Deuteronomio 4, 1. 5-9; Sal 147, 12-13. 15-16. 19-20; san Mateo 5, 17-19
Hay personas que sólo compran cuando hay rebajas. Eso lo impone la economía familiar y también una cierta cultura que busca las gangas en todo momento. Hace pocos días terminó esa cita anual que son las rebajas posnavideñas. Y la imagen nos viene como anillo al dedo para el evangelio de hoy. Jesús da una enseñanza que integra lo importante con las cosas pequeñas. No entra en contradicción ni cae en reduccionismos. Dice claramente que “pasarán el cielo y la tierra antes de que deje de cumplirse hasta la última letra o tilde de la ley”. Pero, al mismo tiempo, da una clave interpretativa: “No he venido a abolir, sino a dar plenitud”. De esta forma indicaba una manera de entender su enseñanza.
Porque el Evangelio no es moralista. San Pablo hubo de luchar contra los judaizantes que pretendían que los cristianos provenientes del paganismo cumplieran las leyes ceremoniales dadas por Moisés. La Iglesia entendió que aquello no procedía porque interesaba el cumplimiento de aquella ley que se encuentra en Cristo. Las antiguas ceremonias eran figura de la nueva ley, que según santo Tomás y muchos comentaristas, es el Espíritu Santo.

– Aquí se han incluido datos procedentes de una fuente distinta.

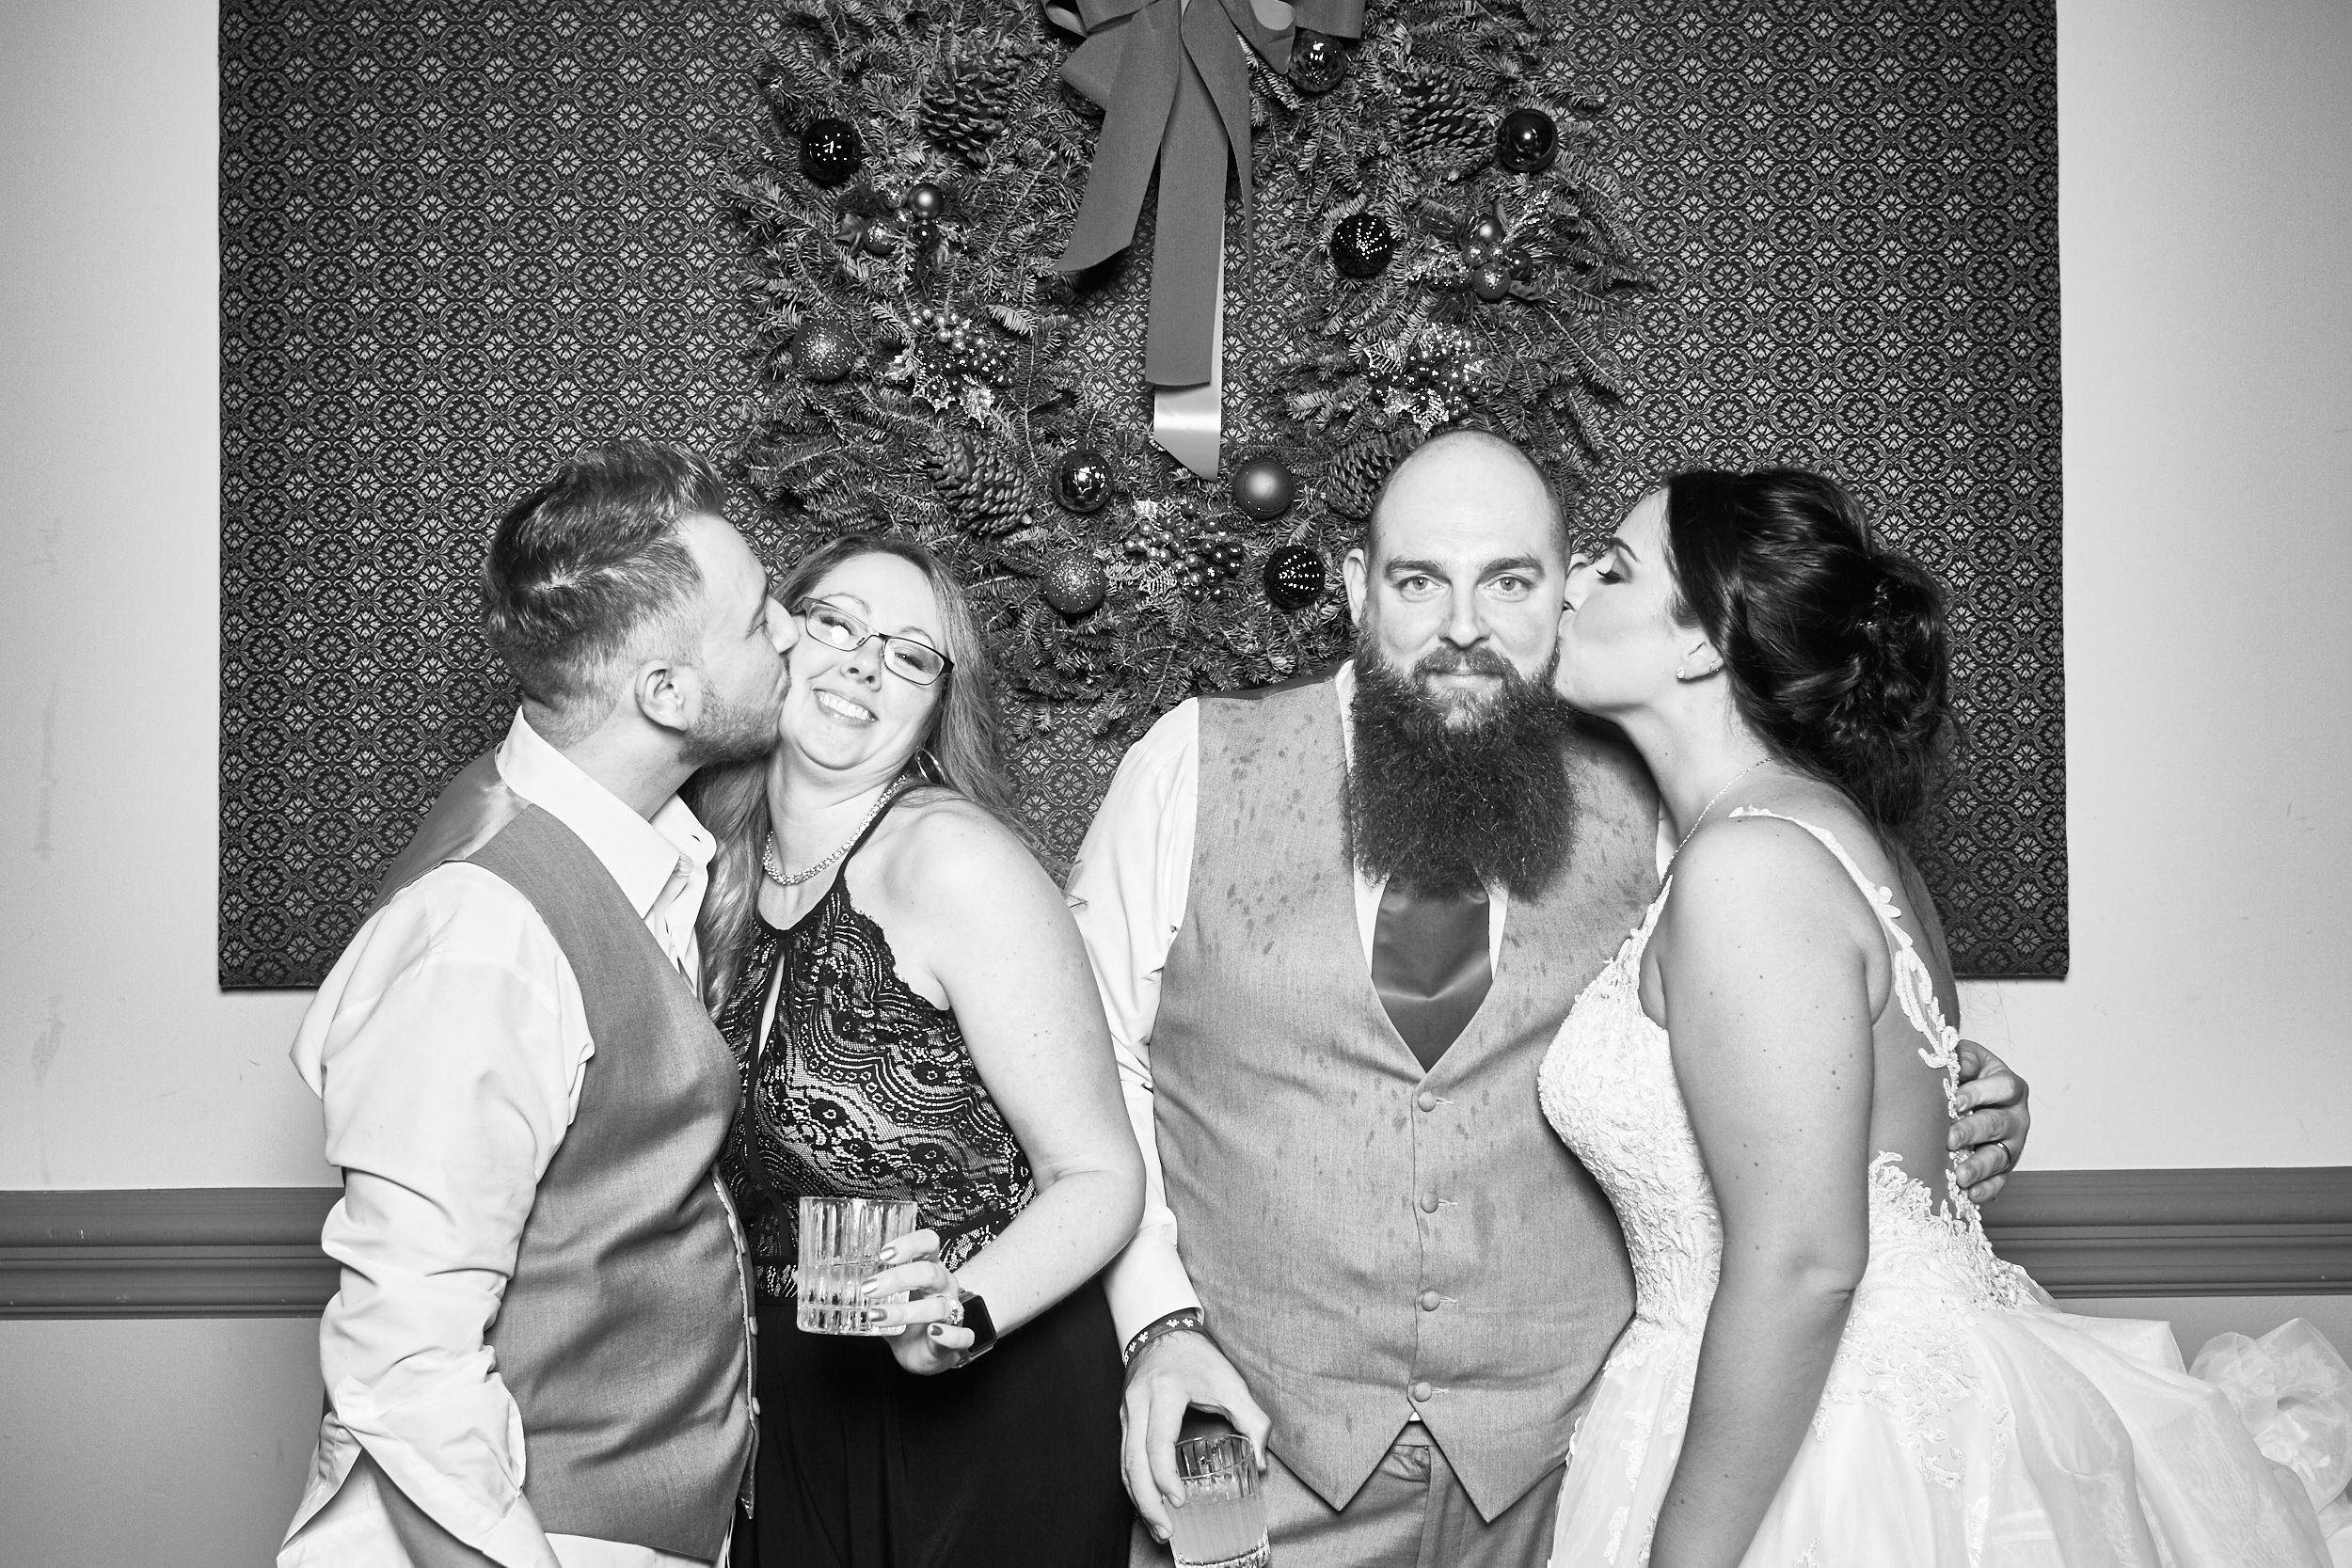 Alexa-James-Wedding-Photo-Booth985.jpg

La misma ley moral, que Dios dio a Israel en el Sinaí, y que es de alcance universal alcanza una nueva profundidad con Jesús. Por eso san Agustín dice que no son aún la libertad, pero sí el inicio de la libertad. Ahora bien, ante esos mandamientos yo puedo comportarme restrictivamente, conformándome con lo mínimo, o intentando vivirlos en plenitud. Jesucristo nos orienta en el segundo sentido. Para comprenderlo bien es necesario recordar que los mandamientos no están para coartar la libertad del hombre sino para conducirlo a la plenitud. La felicidad, por consiguiente, será proporcionada al cumplimiento de los mismos. Pero ese cumplimiento no puede ser exterior sino que ser conducido desde dentro por el Espíritu Santo.
Erróneamente se ha considerado a veces que si la Iglesia tendría mayor éxito social si redujera su exigencia moral. Se piensa que eso atraería a más personas y que, además, estarían más contentas. Esa visión separa la moral de la felicidad o realización del hombre. Si la Iglesia tuviera como fin reunir a muchas personas sin importarles su bien el argumento sería satisfactorio. Pero su finalidad es otra: conducir a los hombres hacia Cristo para que alcancen la perfección. Como indica la primera lectura los preceptos se ordenan a la vida. De ahí la importancia de todos, incluso de los más pequeños e insignificantes. El cumplimiento de los preceptos nos va conformando con Dios. Esa es la obra del Espíritu Santo que opera por la gracia.
Por eso no debemos leer este evangelio como una amenaza, sino más bien como una invitación a ser exigentes en el amor a Dios intentando que ningún aspecto de nuestra vida escape a la ley de Cristo. Cuando Jesús señala que quien se salte uno solo de los preceptos menos importantes será el menos importante en el Reino de los Cielos, vincula nuestra plenitud al cumplimiento de la ley. El tiempo cuaresmal nos invita a la purificación y a una mayor exigencia porque, a veces sin darnos cuenta, rebajamos los niveles que Dios nos propone.